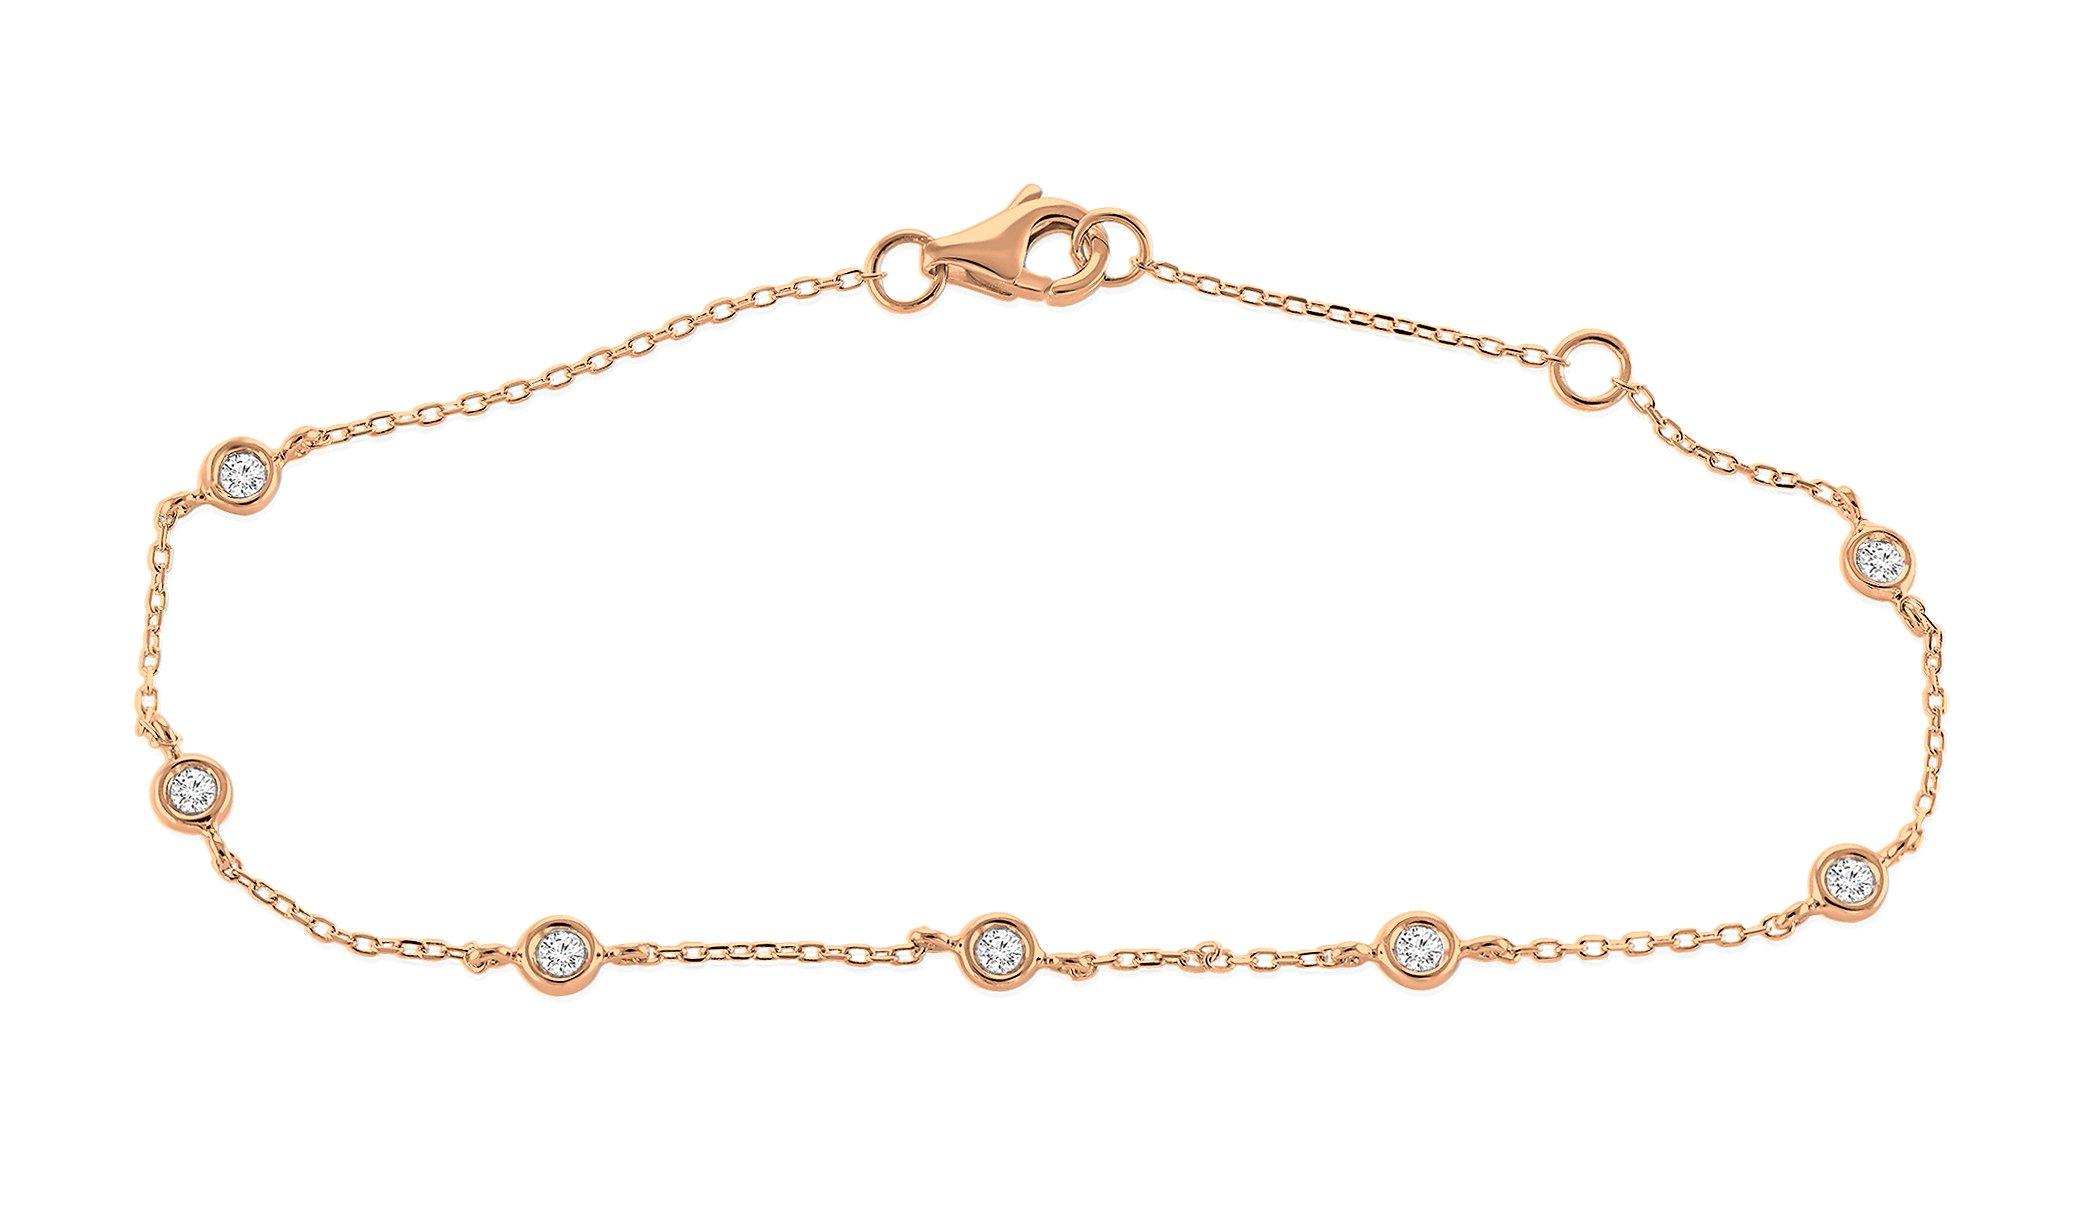 0.15 Ct. 925 Sterling Silver Natural Round Cut White Diamond Ladies Bezel Set Chain Bracelet Adjustable
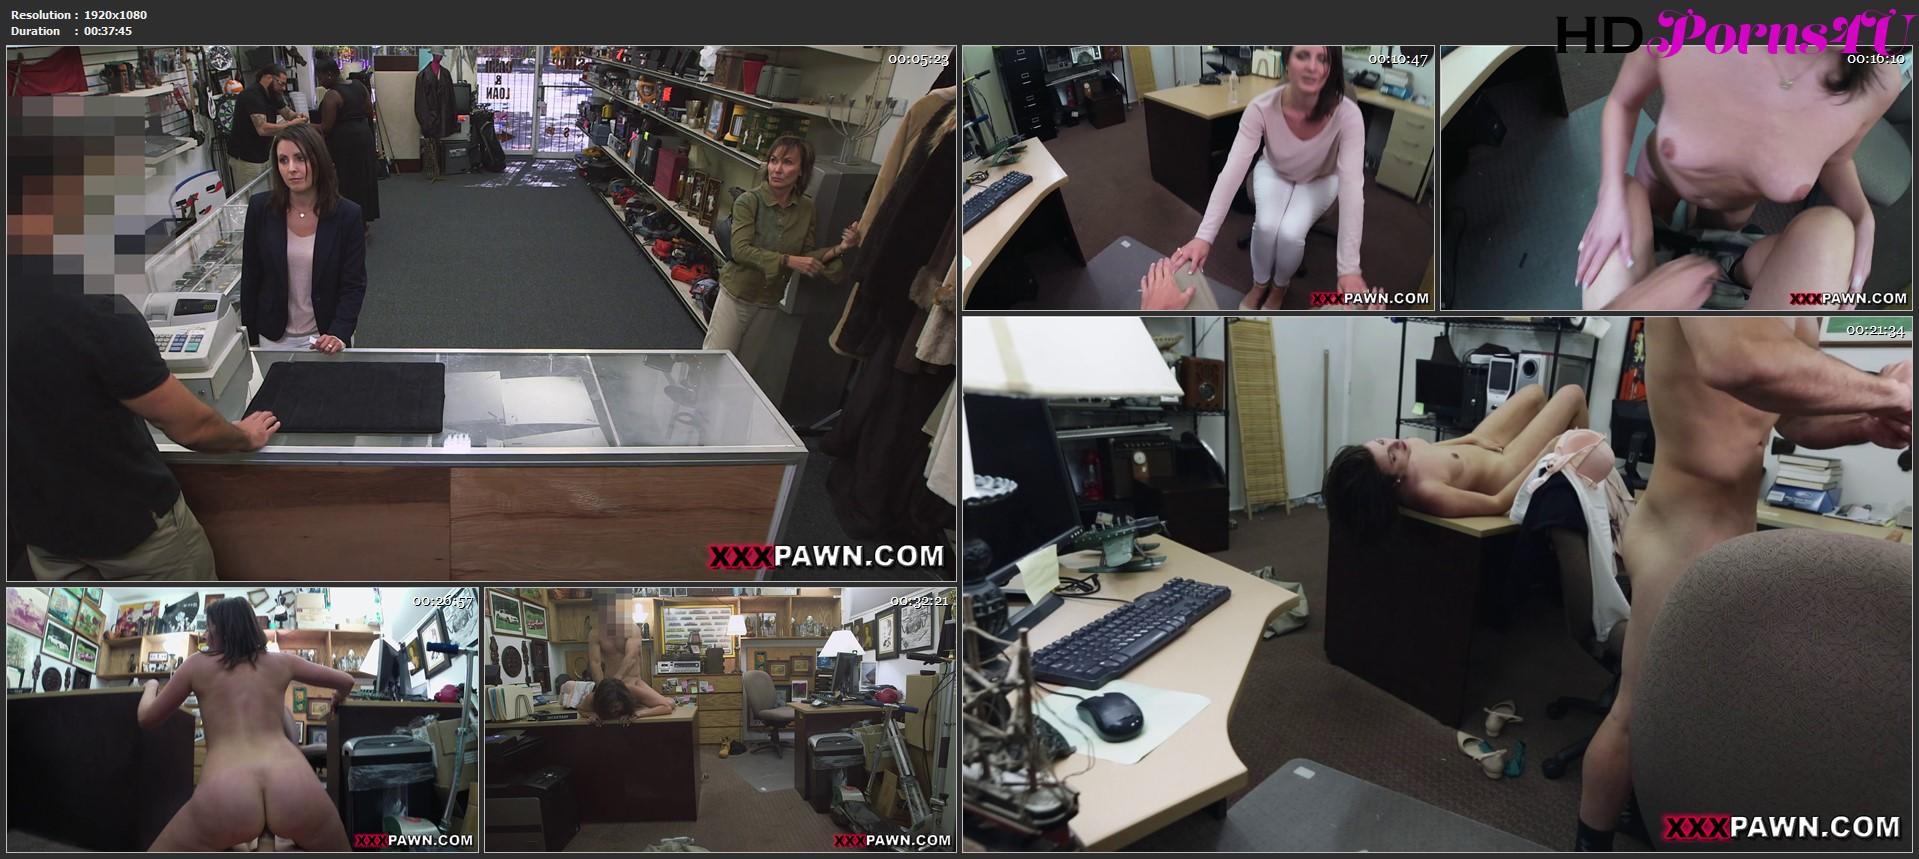 Xrated pawn shop bbw anal
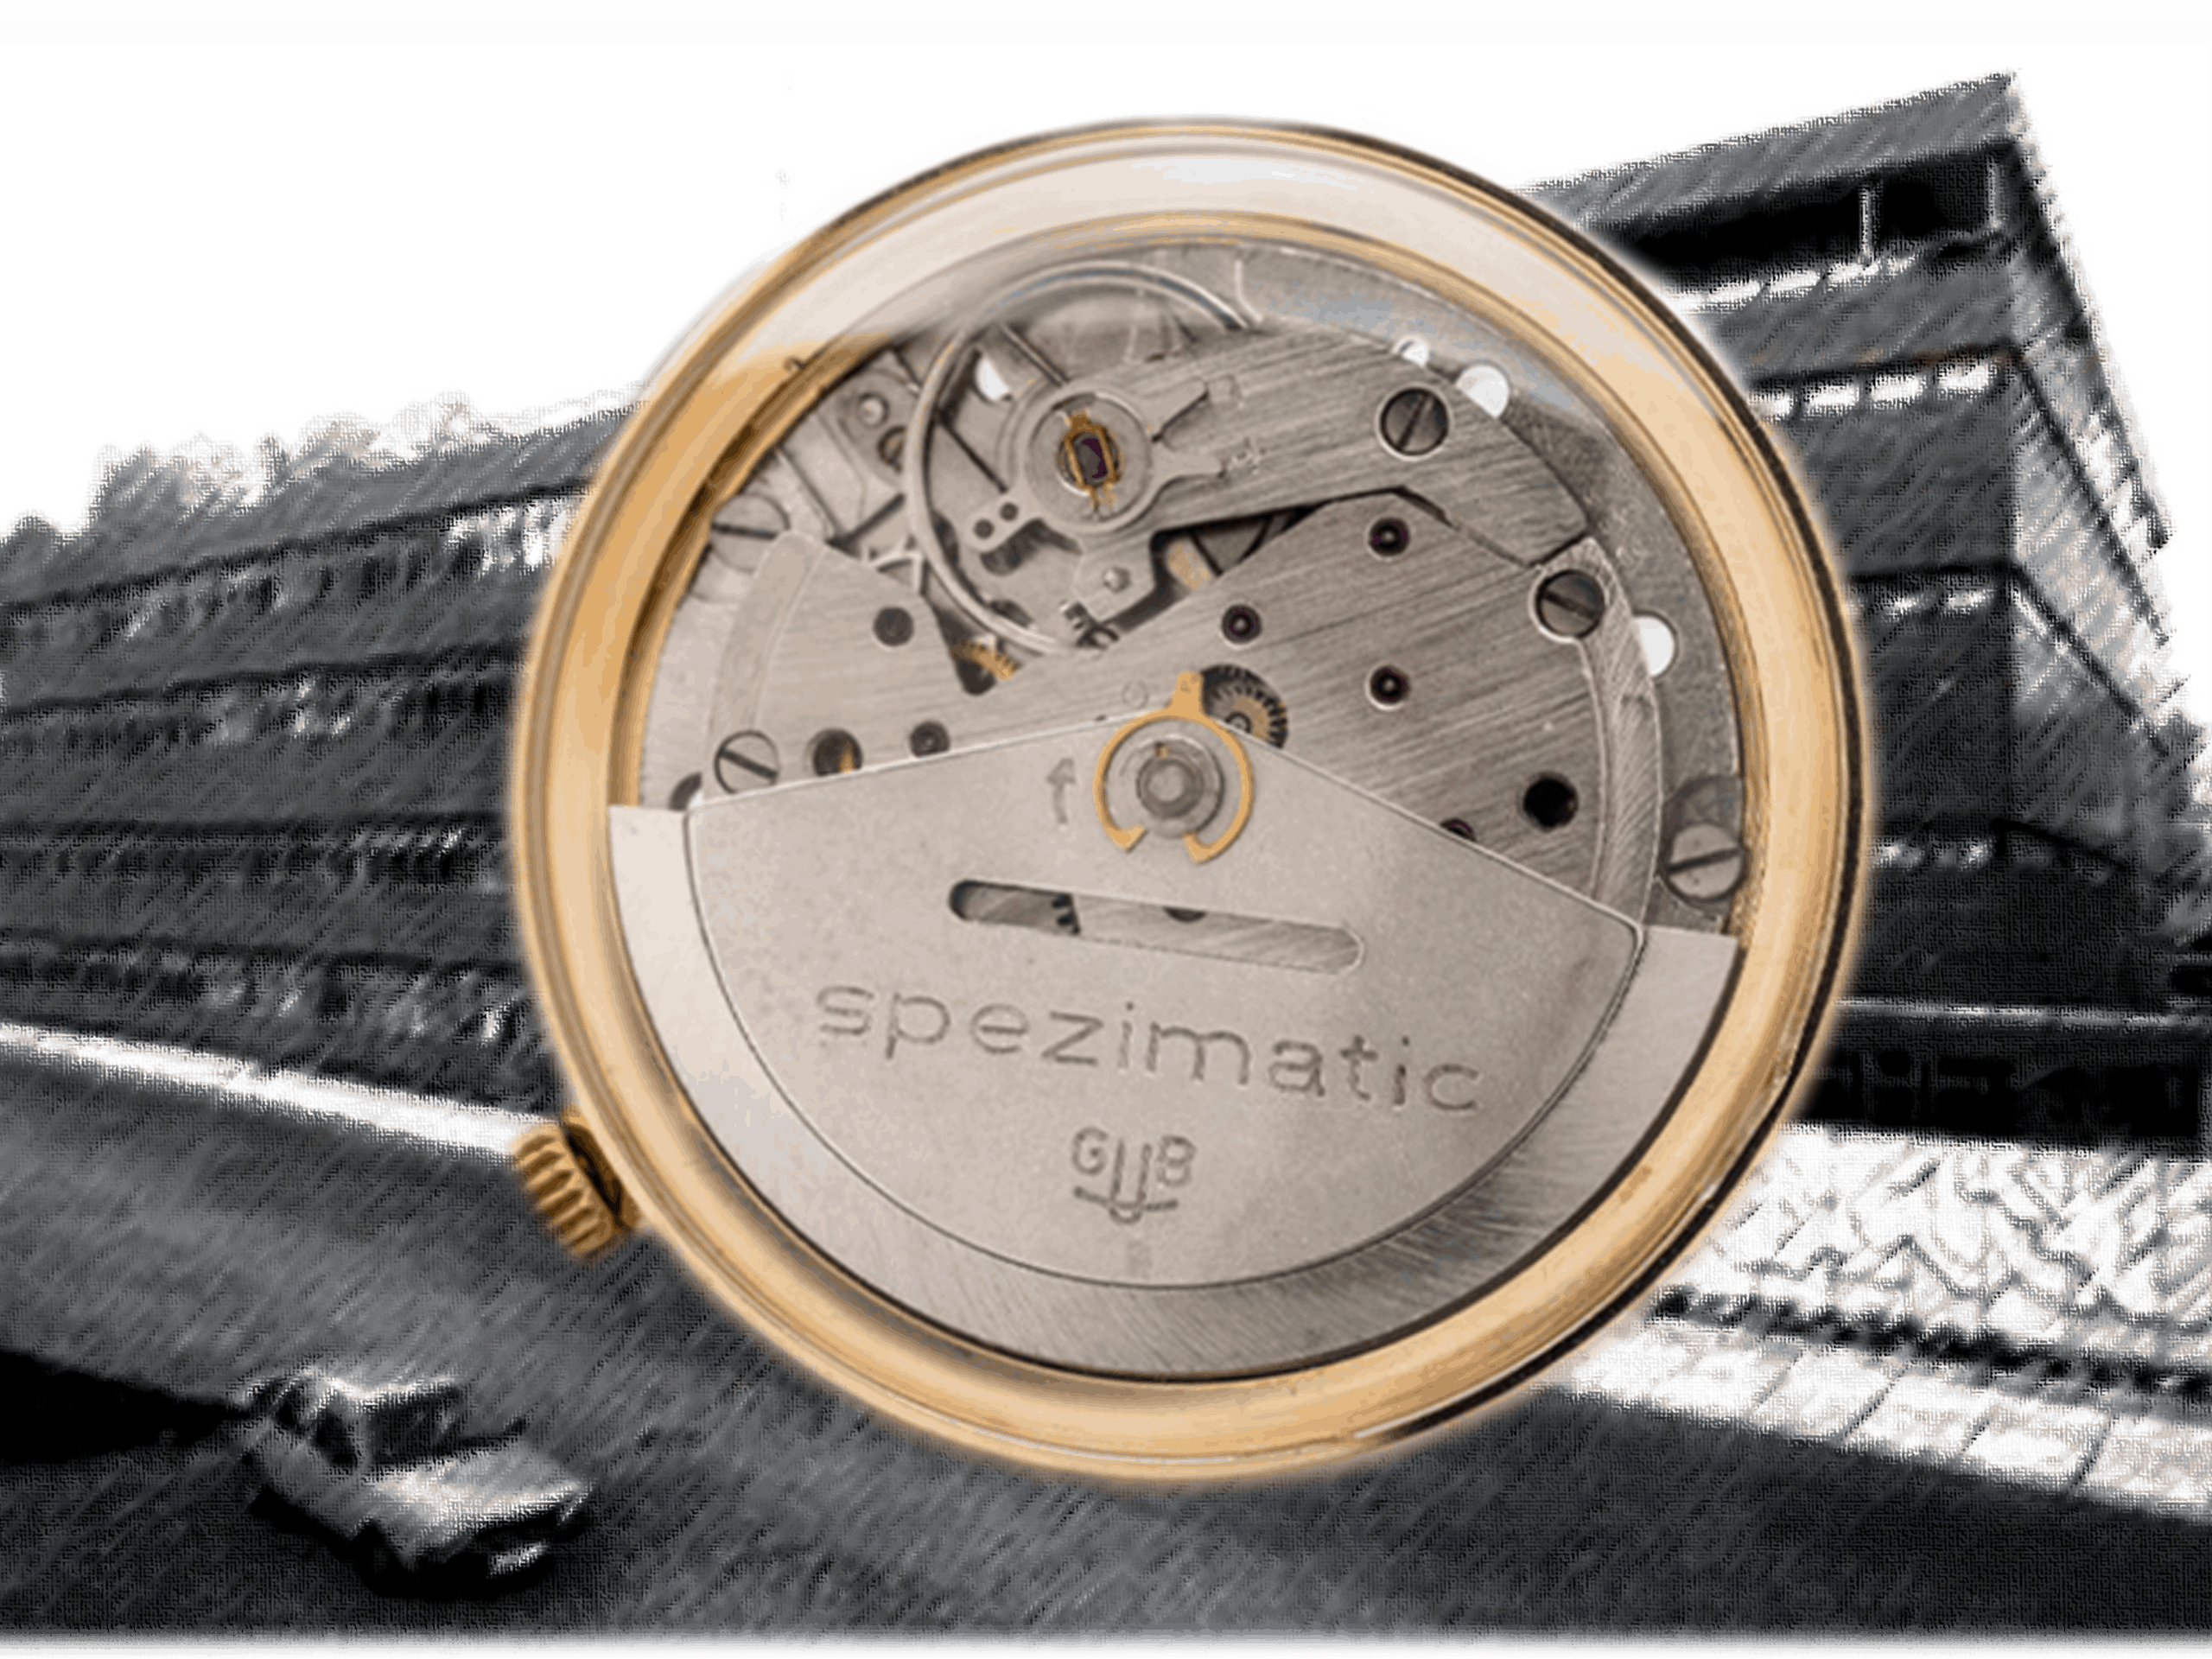 GUB Spezimatic Automatik Kaliber vor Glashütter Uhrenbetrieb

Exercise brief -> For this exercise, retype the data above exactly and skip every image.

Solved problem ->
 0.15 Ct. 925 Sterling Silver Natural Round Cut White Diamond Ladies Bezel Set Chain Bracelet Adjustable
 Xrated pawn shop bbw anal
 GUB Spezimatic Automatik Kaliber vor Glashütter Uhrenbetrieb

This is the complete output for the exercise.